Haut-Mbomou : mercenaires russes et forces gouvernementales alliés aux criminels de la LRA contre les Azandé
Haut-Mbomou : mercenaires russes et forces gouvernementales alliés aux criminels de la LRA contre les Azandé
Dans la préfecture du Haut-Mbomou, au sud-est de la République centrafricaine, une alliance inquiétante se dessine entre les mercenaires russes présents sur place et les autorités locales. Ensemble, ils orchestreraient le déploiement massif de membres de la LRA (Lord’s Resistance Army) pour affaiblir la résistance des communautés Azandé.
Une stratégie déstabilisatrice ciblant les Azandé
Les habitants de la région rapportent une recrudescence des violences et des manœuvres subversives depuis quelques semaines. Les criminels de la LRA, connus pour leurs exactions passées en Ouganda et dans les pays voisins, seraient désormais instrumentalisés pour semer la terreur parmi les Azandé, une ethnie locale historiquement opposée au pouvoir en place.
Un contexte déjà tendu
Le Haut-Mbomou est depuis longtemps un foyer de tensions, où se croisent des enjeux politiques, économiques et ethniques. Les communautés Azandé, majoritaires dans cette zone, subissent depuis des années les conséquences d’un conflit larvé, exacerbé par l’arrivée de groupes armés étrangers et des milices locales. Leur résistance s’organise, mais elle se heurte désormais à une stratégie concertée visant à les affaiblir.
Les observateurs locaux évoquent des opérations de déstabilisation menées conjointement par les forces pro-gouvernementales et les mercenaires russes, avec la complicité passive de certains éléments de la LRA, désormais réduite à un rôle de mercenariat.

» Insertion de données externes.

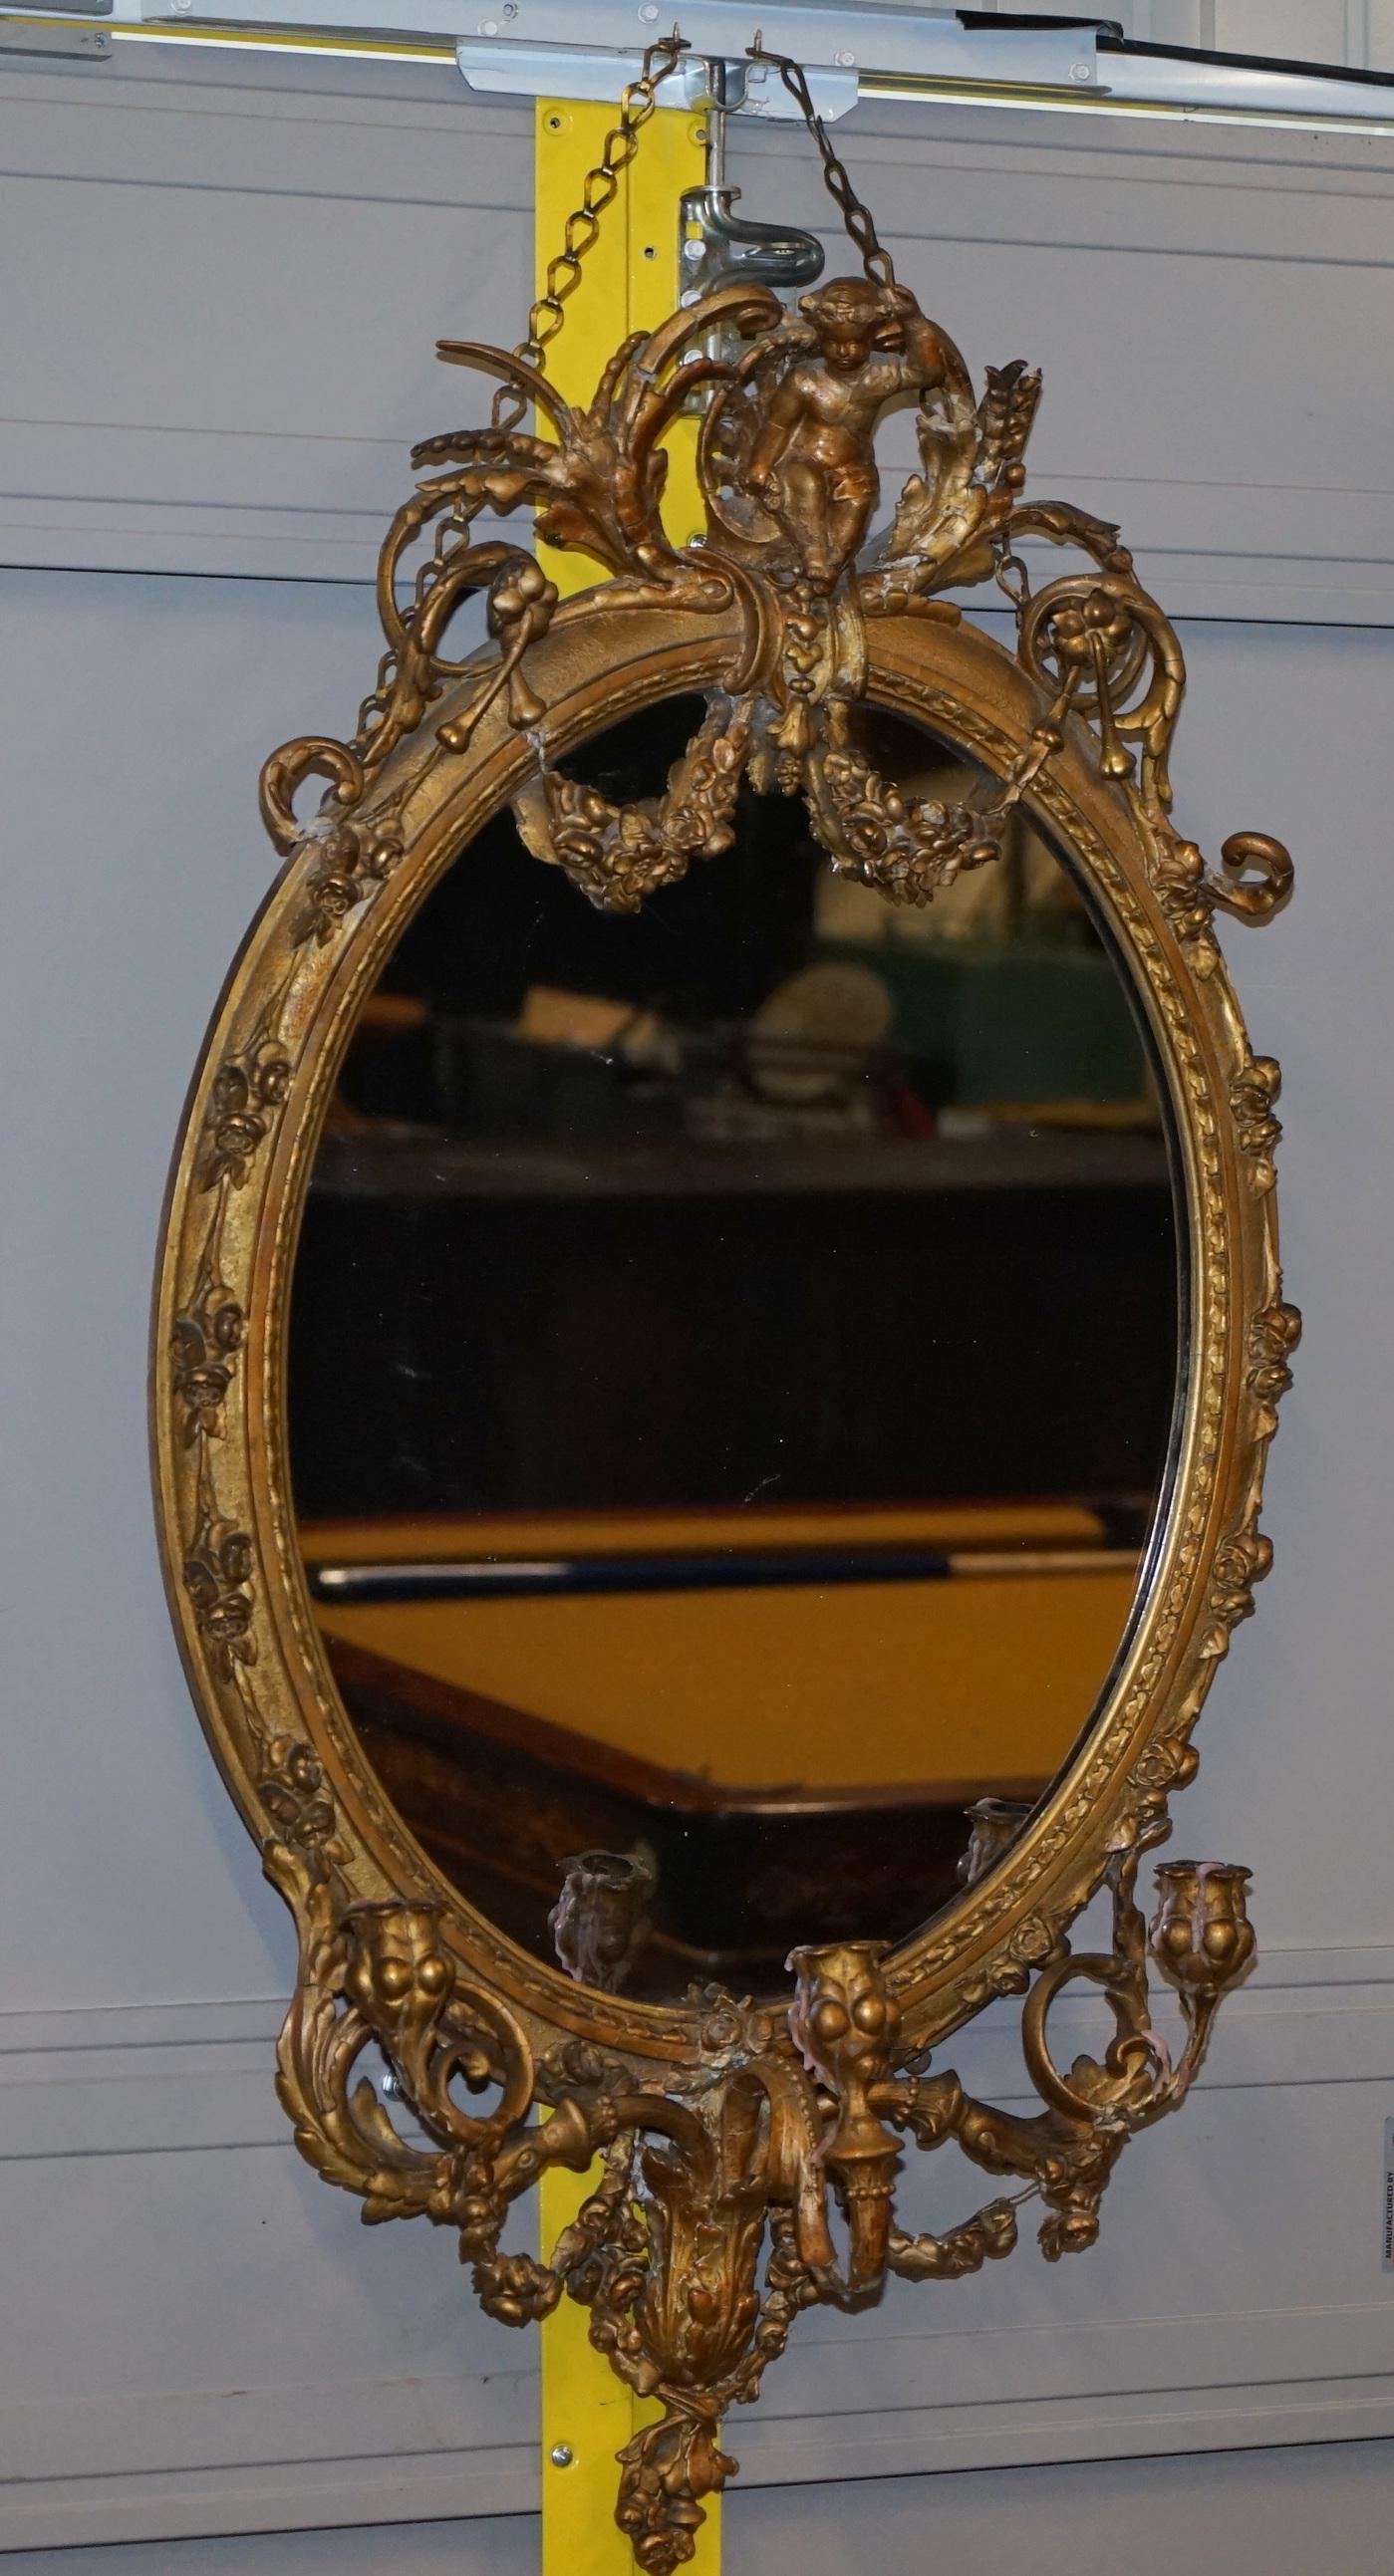 Nous sommes ravis de vous présenter ce très rare miroir Girandole datant d'environ 1800, encadré d'or et de dorure, avec son verre au mercure d'origine légèrement usé

Une trouvaille très rare, je n'en ai jamais vu d'autre avec un Putti sur le

Des méthodes brutales et calculées
Les rapports faisant état d’attaques ciblées, de pillages et d’intimidations se multiplient. Les Azandé, souvent désarmés face à des groupes mieux équipés, voient leurs villages cernés par des miliciens aguerris, parfois accompagnés de mercenaires étrangers. Les criminels de la LRA, autrefois ennemis jurés des populations locales, seraient désormais utilisés comme troupes de choc pour briser toute velléité de résistance.
Les autorités centrafricaines nient toute implication directe, mais les témoignages recueillis sur le terrain contredisent ces déclarations. Les mercenaires russes, officiellement présents pour « sécuriser » la région, seraient en réalité les principaux instigateurs de cette campagne de terreur, avec l’aval des responsables locaux.
Les conséquences pour la population Azandé
Face à cette menace grandissante, les Azandé se retrouvent dans une situation de plus en plus précaire. Les déplacements de populations s’intensifient, tandis que les récoltes sont sabotées et les voies d’approvisionnement coupées. Les aides humanitaires, déjà limitées, peinent à atteindre les zones les plus touchées.
Les leaders communautaires dénoncent une stratégie délibérée pour affamer et affaiblir la résistance Azandé, rendant toute perspective de paix encore plus lointaine. « Ils veulent nous faire plier par la faim et la peur », confie un habitant sous couvert d’anonymat.
Que réserve l’avenir pour le Haut-Mbomou ?
Alors que les forces internationales semblent impuissantes à endiguer cette escalade, les Azandé appellent à une intervention urgente pour mettre fin à cette alliance toxique. Les mercenaires russes et les criminels de la LRA n’ont qu’un objectif : écraser toute velléité d’autonomie locale.
Sans une réponse forte et coordonnée, le Haut-Mbomou risque de sombrer dans un chaos permanent, où la violence deviendra la norme. La République centrafricaine devra alors faire face à une crise humanitaire d’une ampleur sans précédent.